Hierarchical Multiple Kernel K-Means Algorithm Based on Sparse Connectivity

Lei Wang,Liang Du,Peng Zhou
DOI: https://doi.org/10.11896/jsjx.22040023
2024-10-27
Abstract:Multiple kernel learning (MKL) aims to find an optimal, consistent kernel function. In the hierarchical multiple kernel clustering (HMKC) algorithm, sample features are extracted layer by layer from a high-dimensional space to maximize the retention of effective information. However, information interaction between layers is often ignored. In this model, only corresponding nodes in adjacent layers exchange information; other nodes remain isolated, and if full connectivity is adopted, the diversity of the final consistency matrix is reduced. Therefore, this paper proposes a hierarchical multiple kernel K-Means (SCHMKKM) algorithm based on sparse connectivity, which controls the assignment matrix to achieve sparse connections through a sparsity rate, thereby locally fusing the features obtained by distilling information between layers. Finally, we conduct cluster analysis on multiple datasets and compare it with the fully connected hierarchical multiple kernel K-Means (FCHMKKM) algorithm in experiments. It is shown that more discriminative information fusion is beneficial for learning a better consistent partition matrix, and the fusion strategy based on sparse connection outperforms the full connection strategy.
Machine Learning
What problem does this paper attempt to address?

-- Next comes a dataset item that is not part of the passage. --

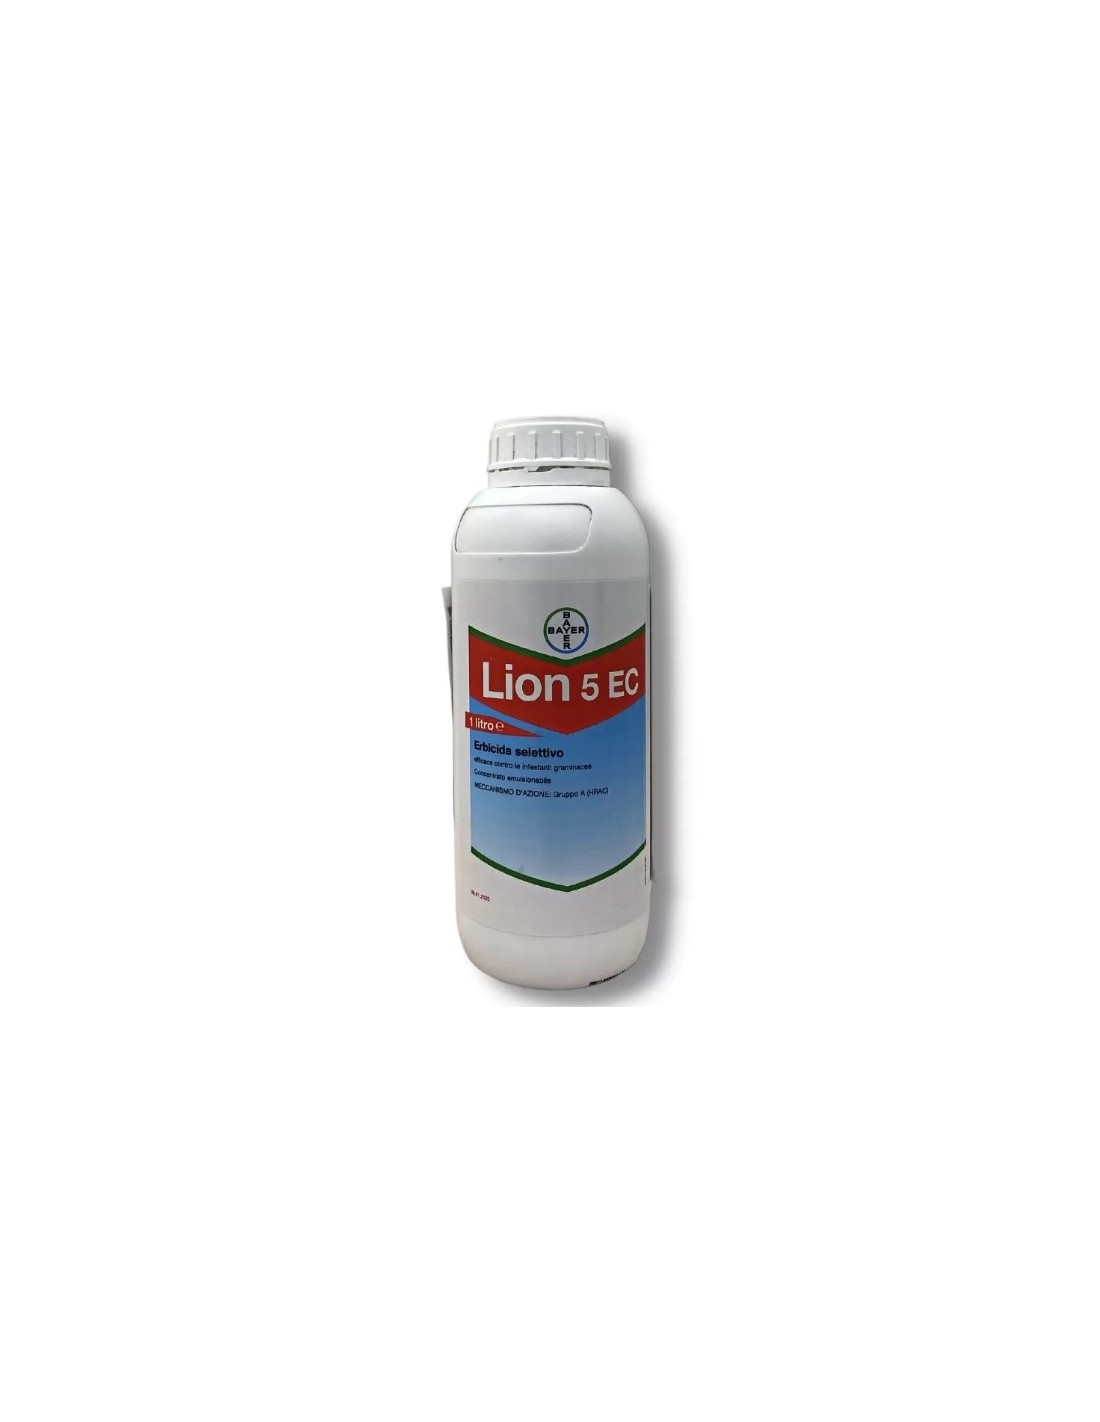 LION 5 EC LT.1 Miglior Prezzo € 20,86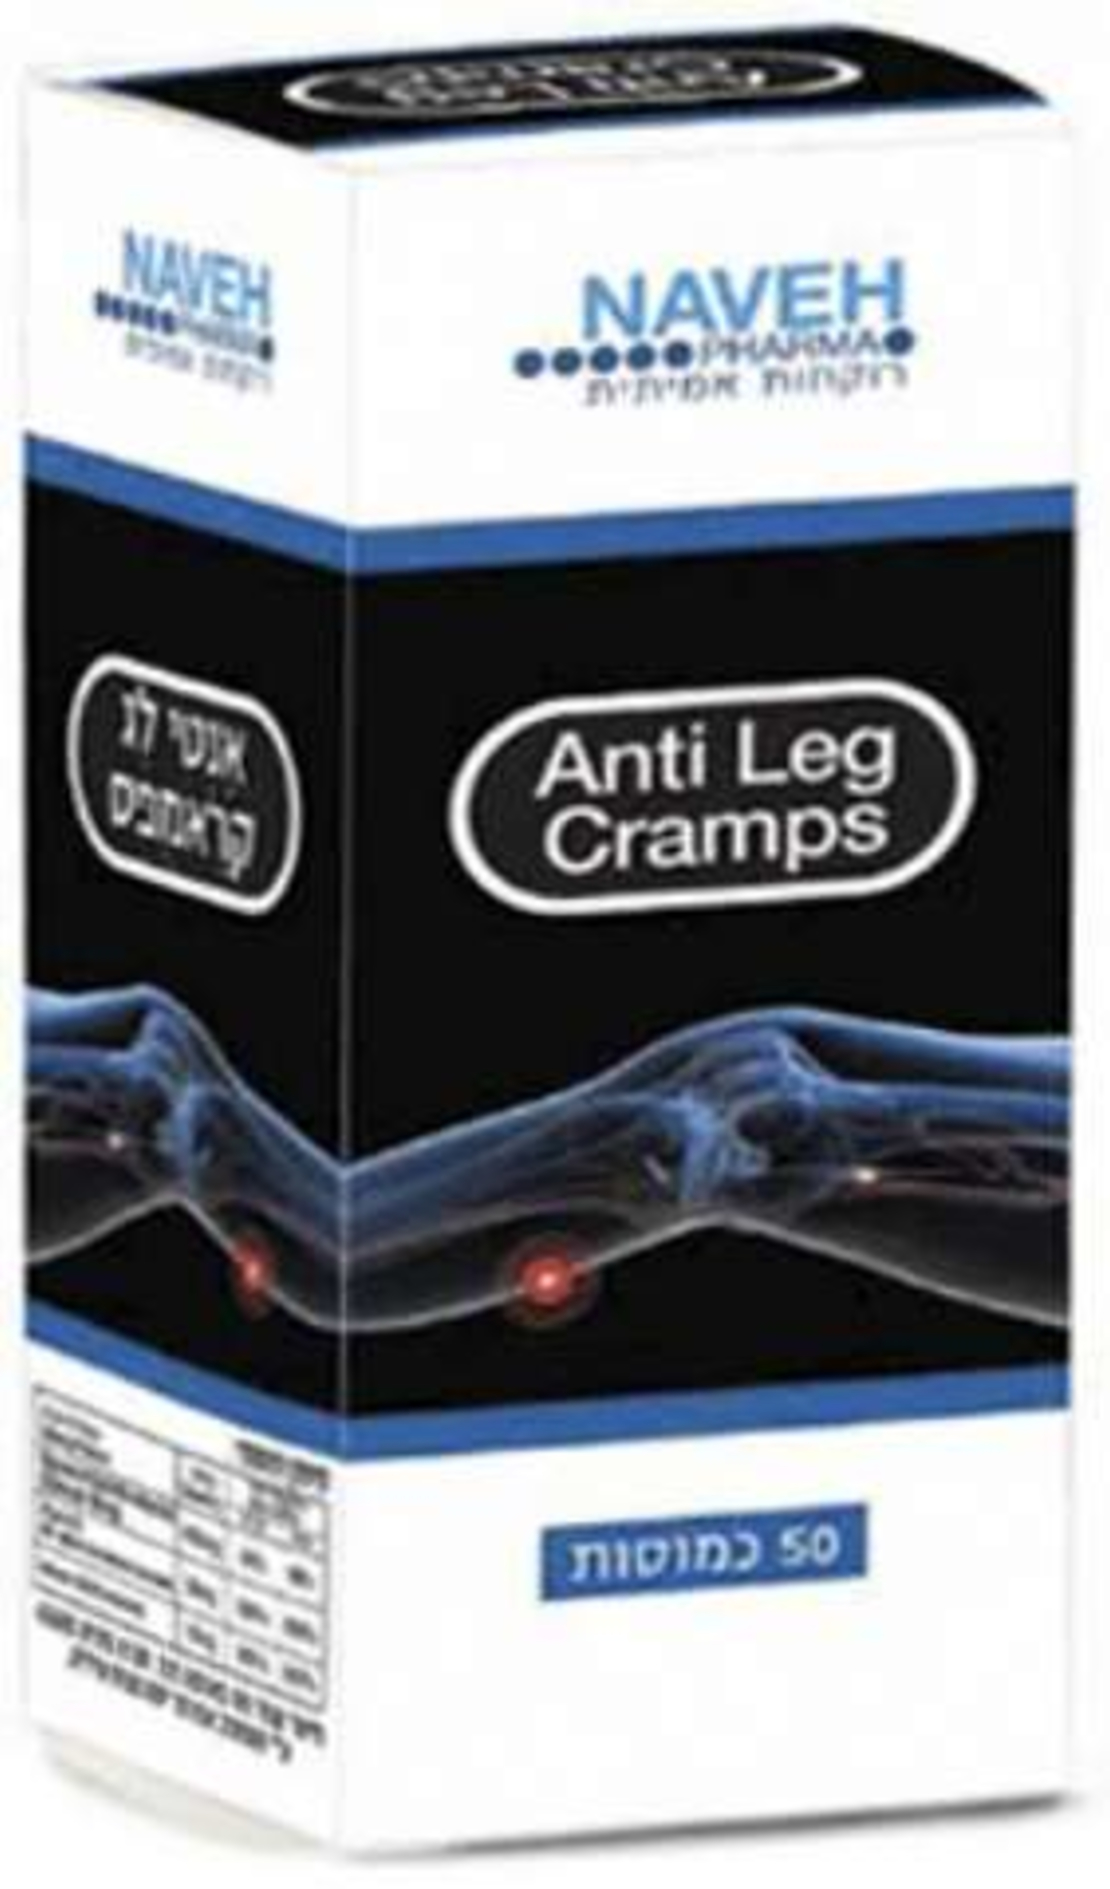 אנטי לג קרמפס - מגנזיום להתכווצויות שרירים ברגליים

The problem that this paper attempts to solve is: in Hierarchical Multiple Kernel Clustering (HMKC), the information interaction between layers is ignored, which leads to the limitation of the diversity of the final consensus matrix and thus affects the clustering performance. Specifically: 1. **Information Interaction Problem**: In the HMKC algorithm, only the corresponding nodes in adjacent layers will carry out information interaction, while other nodes are isolated. This design ignores the broader information interaction between different layers and may lead to the loss of effective information. 2. **Fully - Connected Problem**: If the fully - connected method is adopted, although the information interaction can be enhanced, it will weaken the diversity of the final consensus matrix and thus affect the clustering effect. To solve the above problems, the paper proposes a Sparse Connectivity Hierarchical Multiple Kernel K - Means algorithm (SCHMKKM). By introducing a sparse connectivity strategy, this algorithm increases the diversity of information fusion between layers while maintaining information interaction, thereby improving the clustering performance. ### Main Contributions: 1. **Proposing a Sparse Connectivity Strategy**: The fusion of local discriminant information between layers is realized by controlling the distribution matrix through the sparsity rate. 2. **Experimental Verification**: Through comparative experiments on multiple datasets, the superiority of the sparse connectivity strategy over the fully - connected strategy in clustering performance is proved. 3. **Theoretical Analysis**: Theoretically analyze how the sparse connectivity strategy increases the diversity of the consensus partition matrix and further improves the clustering effect. Through these improvements, the SCHMKKM algorithm can improve the accuracy and robustness of clustering while retaining effective information.